I just uploaded the skill & scripts here: GitHub - Satvik/julia-repl-skill · GitHub

But I would say the specific skill is less important than the process. What you really want to do is have Claude write the skill, try it out, and then suggest improvements when you see Claude struggling. For example, in the first version I saw it had a really hard time figuring out when the REPL was done processing, so I ended up having it write a separate python script wait-julia.

When the cost of verification is an edit (hot patch w/ Revise) + single tool call to evaluate a function / expression in a REPL, these agents get crazy good at writing Julia. It’s the same principle in software engineering where a mistake caught early is cheap compared to one caught late. There is a huge difference between having an agent write some code and testing it when its done and having the agent verify things at each step. When I switched to this style of workflow, suddenly the Julia code I got back that was supposed to be non-allocating actually was, not to mention it was significantly more likely to one-shot the task.

I second that. I’ve been experimenting with Claude Code, and had it write small programs entirely on its own. The programs did the job and did it well. Burned through my 5 hour session quota rather fast though (Opus 4.7).

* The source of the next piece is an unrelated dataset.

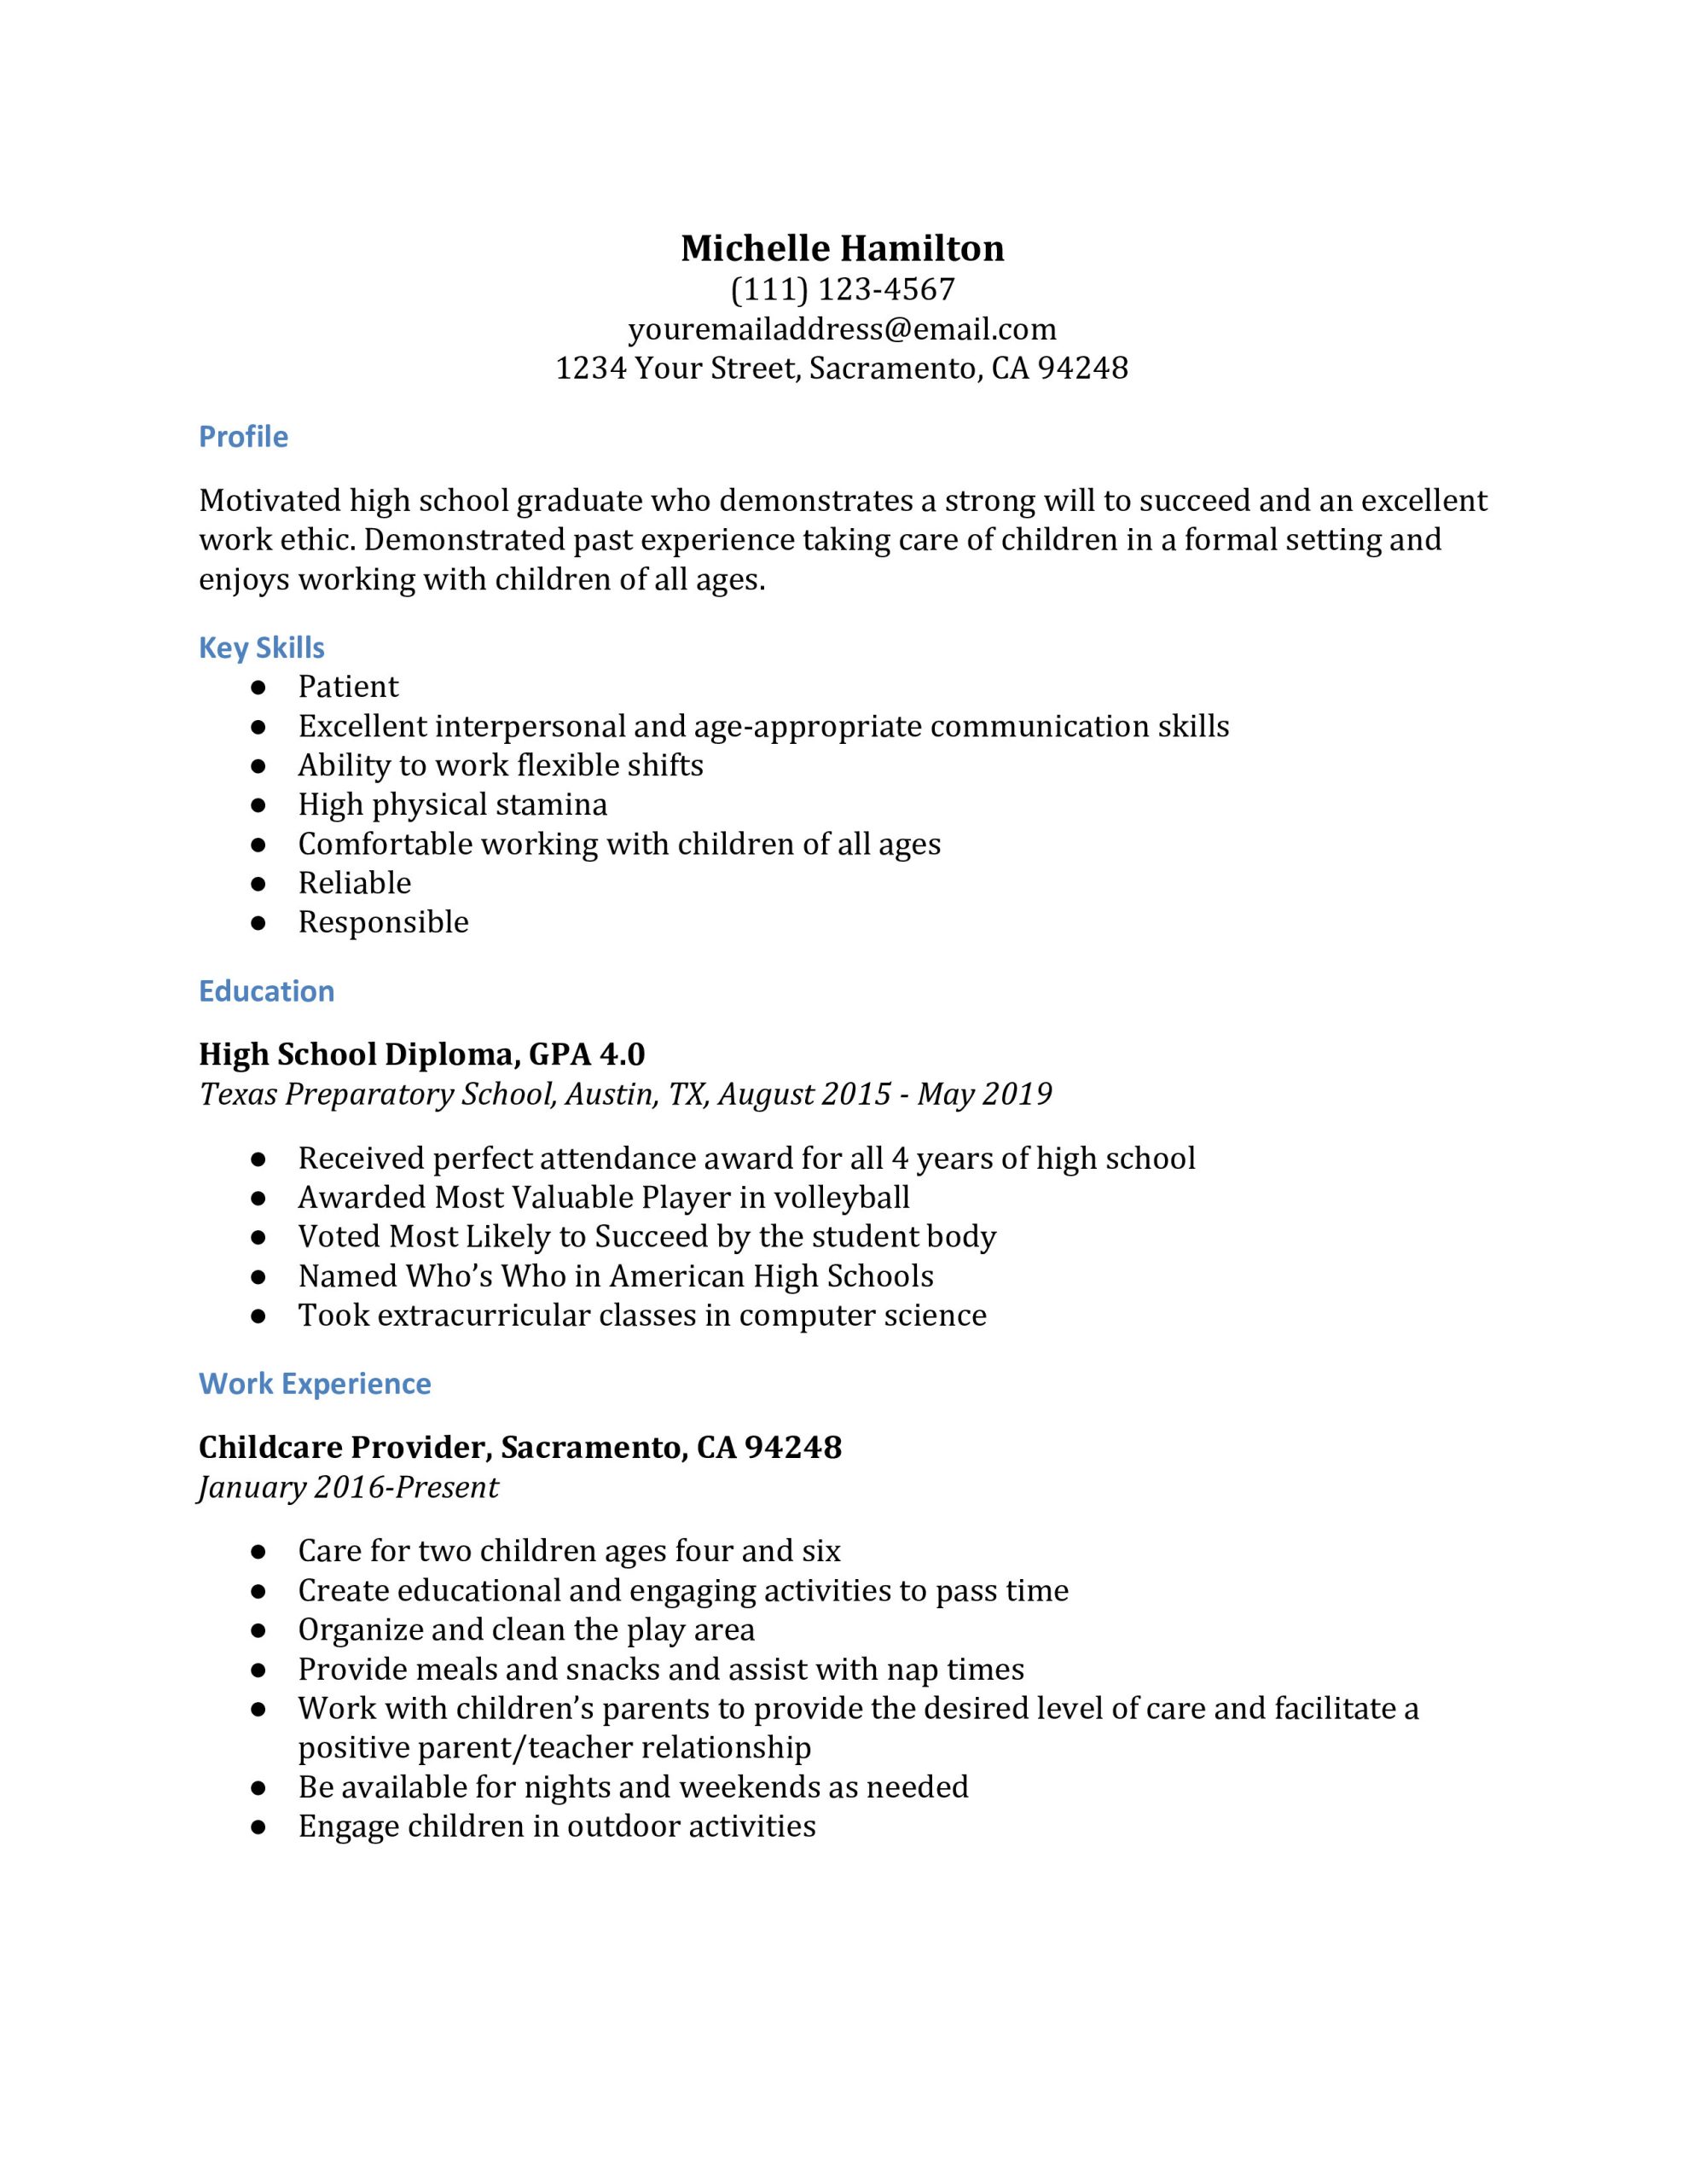 Sample Resume for High School Graduate with Little Experience High School Resume Examples – Resumebuilder.com

How does everyone use AI to produce notebook-like reports (with code + plots etc.)? Ideally it should be compatible with long-running Julia sessions (like julia-mcp, which works well) to avoid paying JIT costs over and over. Jupyter and Pluto have their own idiosyncrasies, and it looks messy to ask an agent to create a Pluto file ex nihilo. I’ve been trying with Literate.jl, but it relies on Quarto to produce HTML files (QuartoRunner hasn’t worked out for me on Windows). That’s a fresh Julia process, so each iteration/tweak requires paying the JIT startup cost.

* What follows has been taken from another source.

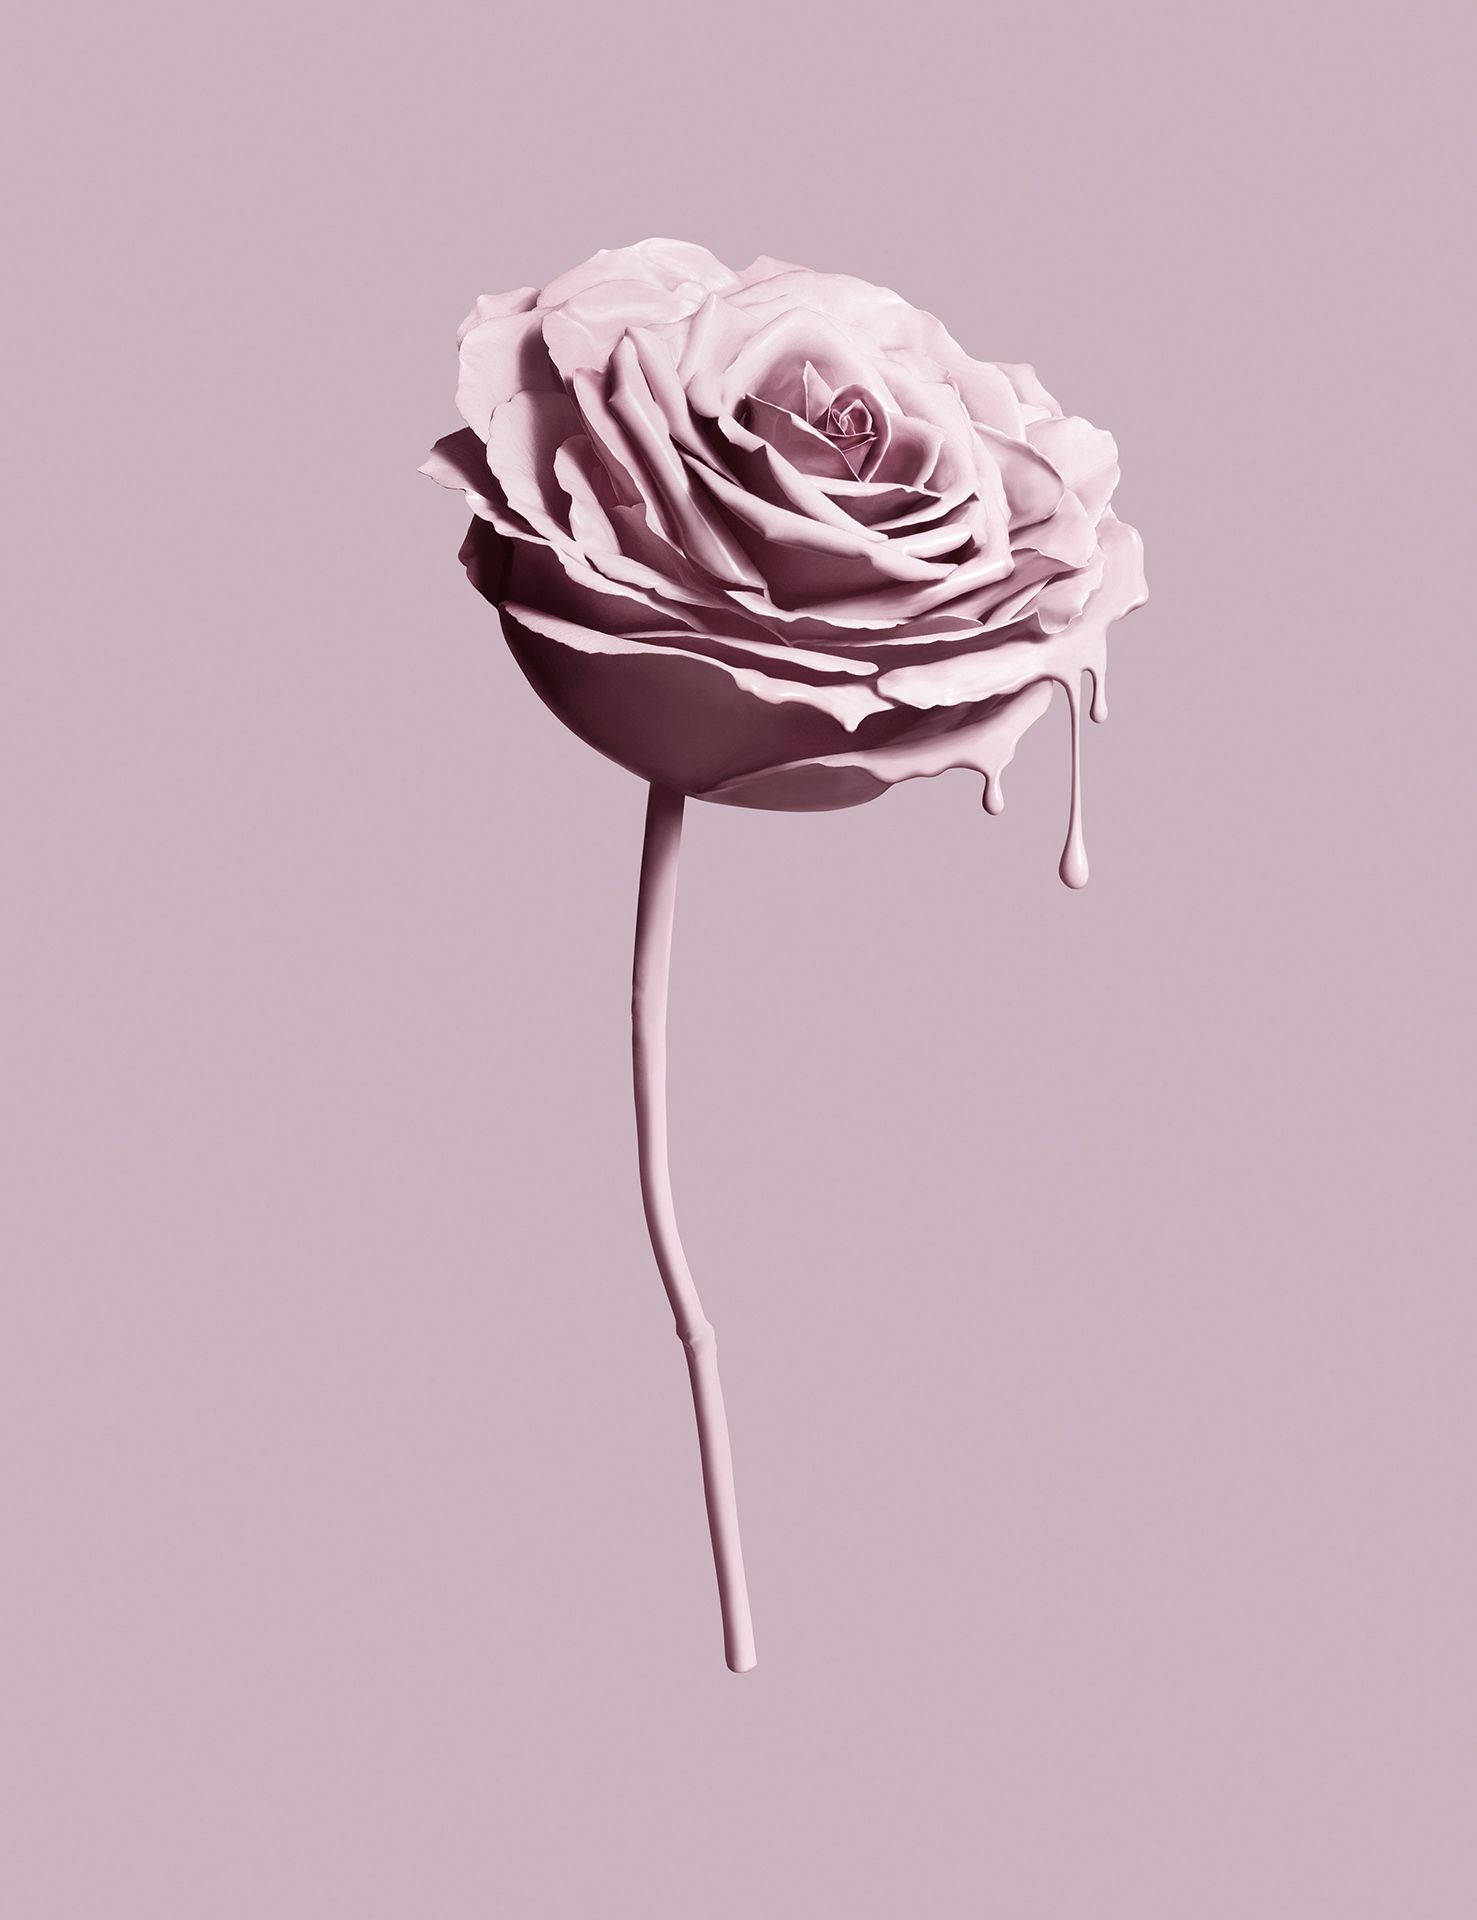 Pink Rose Tumblr Aesthetic Wallpaper

I have a little side effort I’ve been playing with which might tickle some of these desires. Stay tuned and I can share something soon? It builds this type of functionality on top of Kaimon.jl and integrates with any agentic AI that supports MCP.

I also second that. 6 months ago these tools produced code that called non existing functions and packages. Not even always syntactically correct. But I’m now a Claude Max client and I’m speechless. Don’t get me wrong, I’m still an expert in my field and a decent programmer, so I can guide the tool well. But it’s an amazing tool.

I’ve been using Claude Code a lot, and it hadn’t crossed my mind that I could speed things up like that. I guess on a modern CPU it’s not that bad, and the time spent “thinking” is an order of magnitude higher than the tool calling. Not to mention my time reviewing what CC is doing. Note: I mention CC because I have a (very good) experience with it, but its main competitor is supposed to be just as good.

Have you tried it with Kaimon.jl yet?

Currently, it seems like Claude Code can’t really execute individual cells – it has to rerun the whole notebook. So I have it use the REPL to do all the initial work, define and test the functions etc., and then have it make a jupyter notebook and execute it at the end.

Not yet

CC will take hints from the linter in VSCode though, so I find it doesn’t actually run the julia binary that often.

Thirded. The fact that the agent can inspect the LLVM/ASM output alone is clutch. Think local Compiler Explorer.